Below me was only a chasm of blackness, and though I wasn’t that high up—it couldn’t have been more than twenty-five feet—my stomach swooped violently. A bird echoed in my ears, screeching like a nighthawk about to take its prey. My eyes swiveled wildly, and I fumbled for the headlight to shine on the bird and scare it off, but the light slipped off my forehead and clattered to the rocks below.

The smell of burning filled my nose. When I shut my eyes, images were burned behind my eyelids. Symbols on the cattle skulls, symbols thatIhad drawn as a warning, as a reminder, as yet another one of my plans that hadn’t worked out as I’d imagined. Dani’s face, over and over again. A pale hand, a strand of blond hair plastered against her forehead.
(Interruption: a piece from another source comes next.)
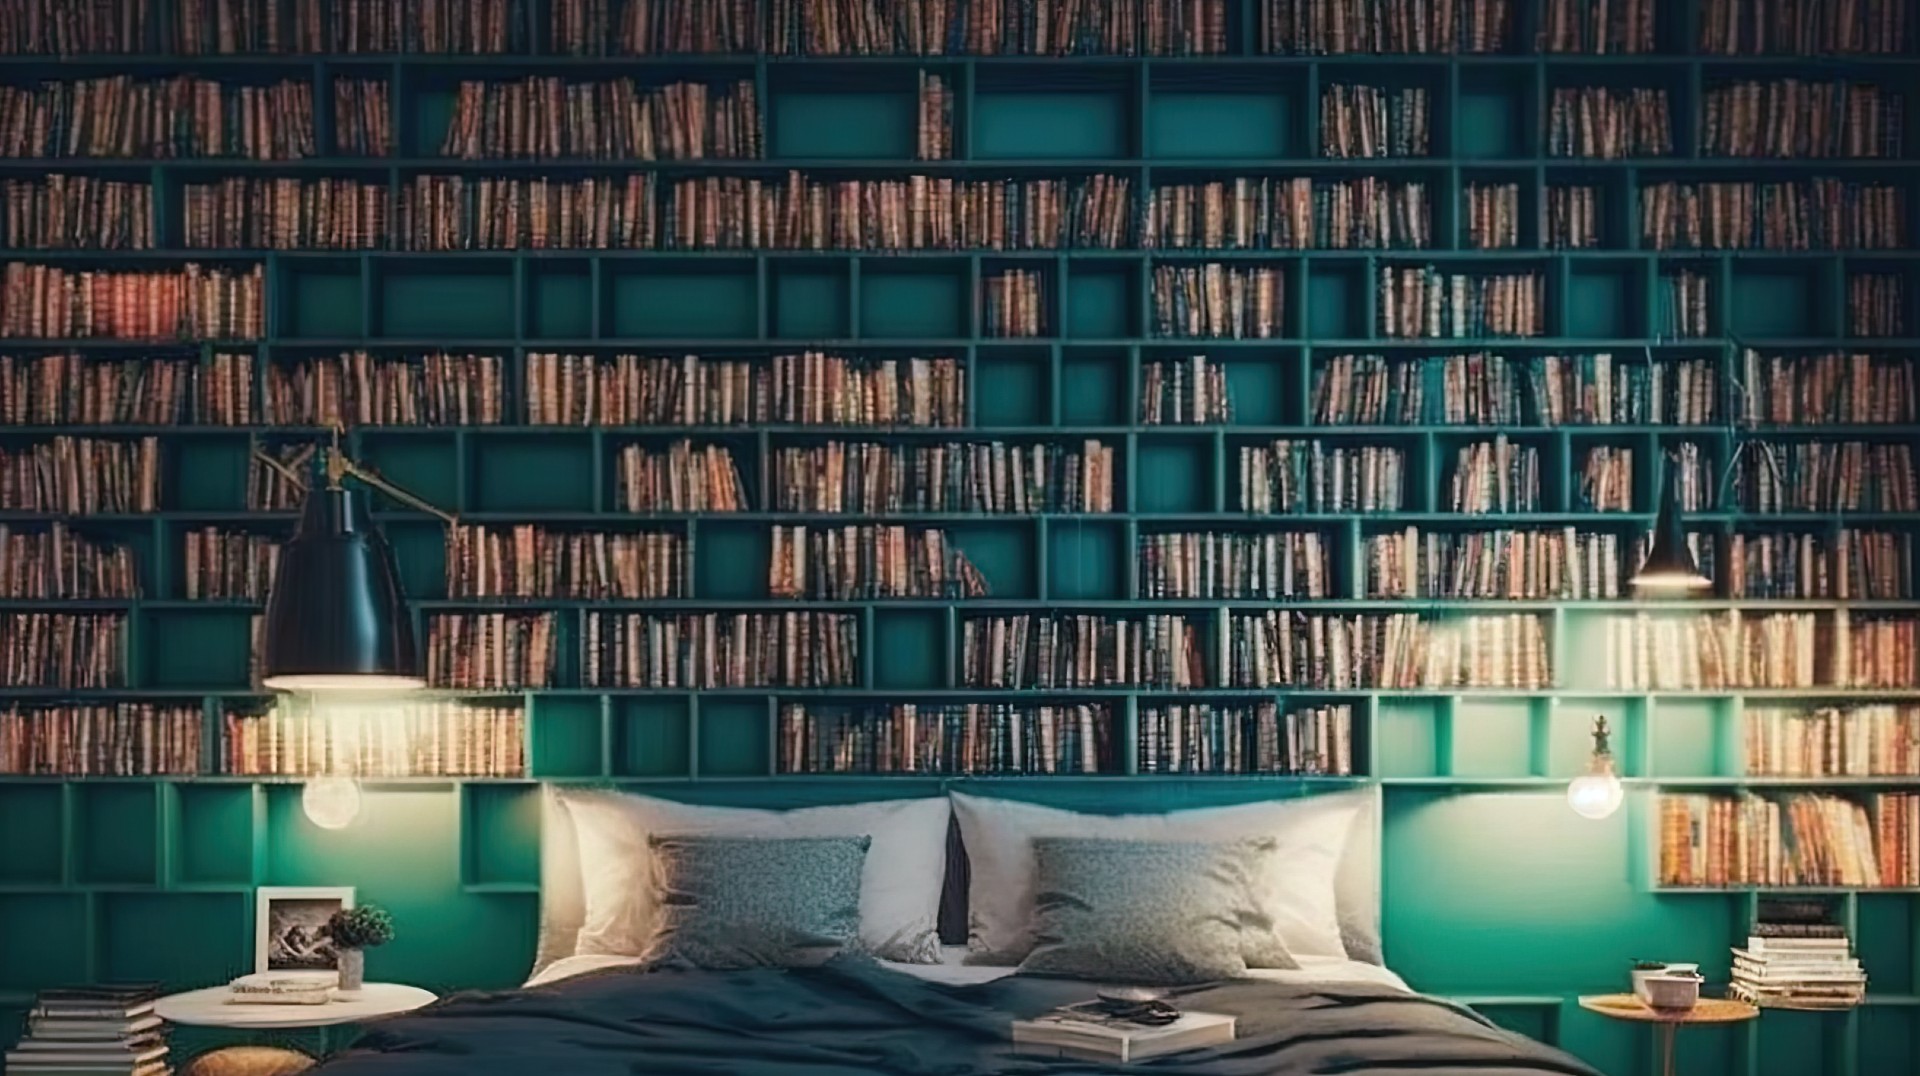 A bed set against a wall of books posing as an oversized headboard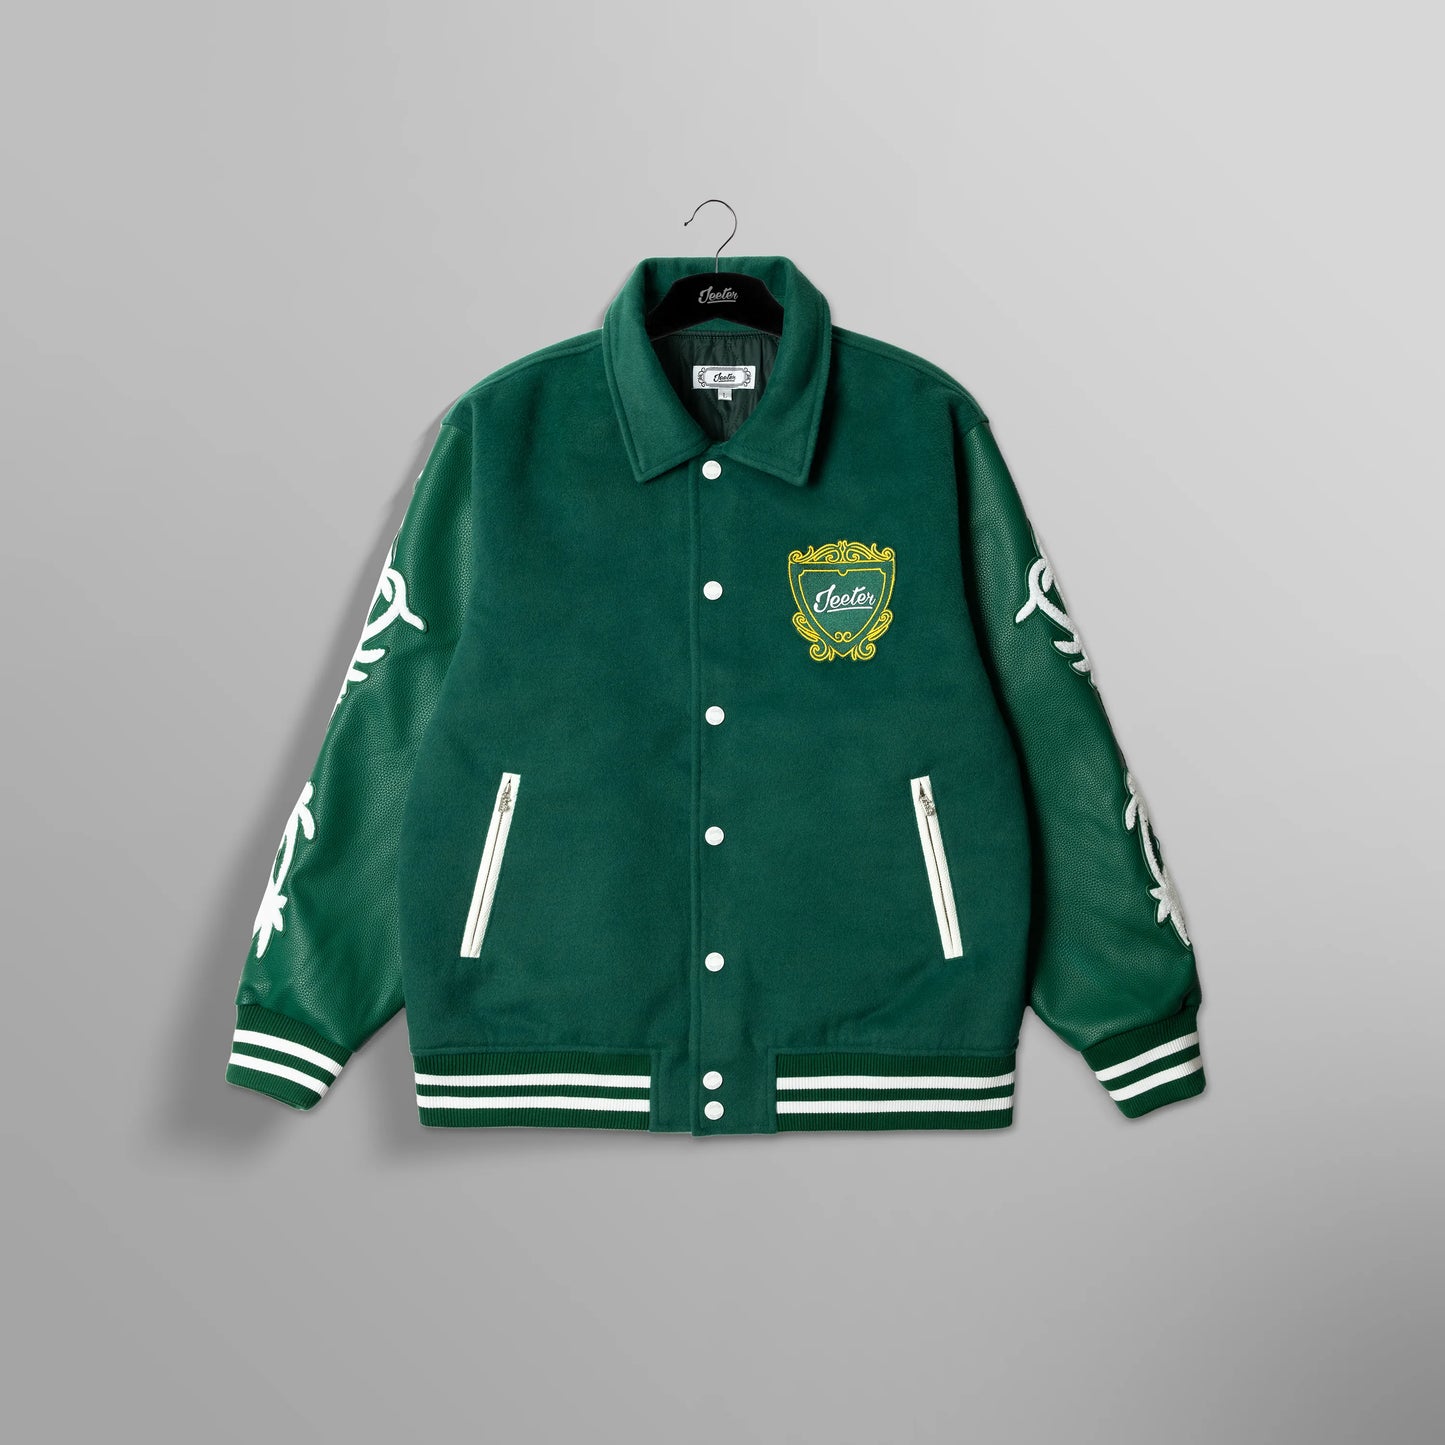 The Green Jacket

Concentrate, Cella. You can do this, I ordered myself.

My foot stretched for the next foothold. As my hand reached out for a rock, it slid off a sharp edge, slicing my palm down the center. I cried out at the pain and clung with my other hand to the rock.

Shit shit shit.

“I’m so sorry, Vern,” I whispered to the sky. How the hell was I going to climb down with only one hand?

I remembered the last thing he’d said to me. I was leaving the library for the day, and he looked at me. “Just keep moving forward,” he said quietly. Vern believed in me. He thought I could do this. For him, I had to. I would.

I went over the facts in my head, tried to keep them straight, repeating them like a mantra.

But the symbols just kept burrowing in my eyes, and the birds sounded closer now. My eyes yearned for light, and my heart thumped erratically in my chest.

The flap of wings sounded near my ears, and a wild screech filled the air. The bird was going in for the kill.

Wings beat furiously; beaks pierced my neck, my face. I swung my arms to keep them all off me, shoving away razor-sharp talons. My foot slipped, and my remaining grip on the rock fell away.

A scream ripped apart the air—mine, I realized—and then I was falling.

FROM THE JOURNAL OF DANICA STEWART

APRIL 2ND[THE DAY AFTER THE MURDER]

Then if this mortal Body thou forsake,

And thy glad Flight to the pure Æther take,

Among the Gods exalted shalt thou shine,

Immortal, Incorruptible, Divine:

The Tyrant Death securely shalt thou brave,

And scorn the dark Dominion of the Grave.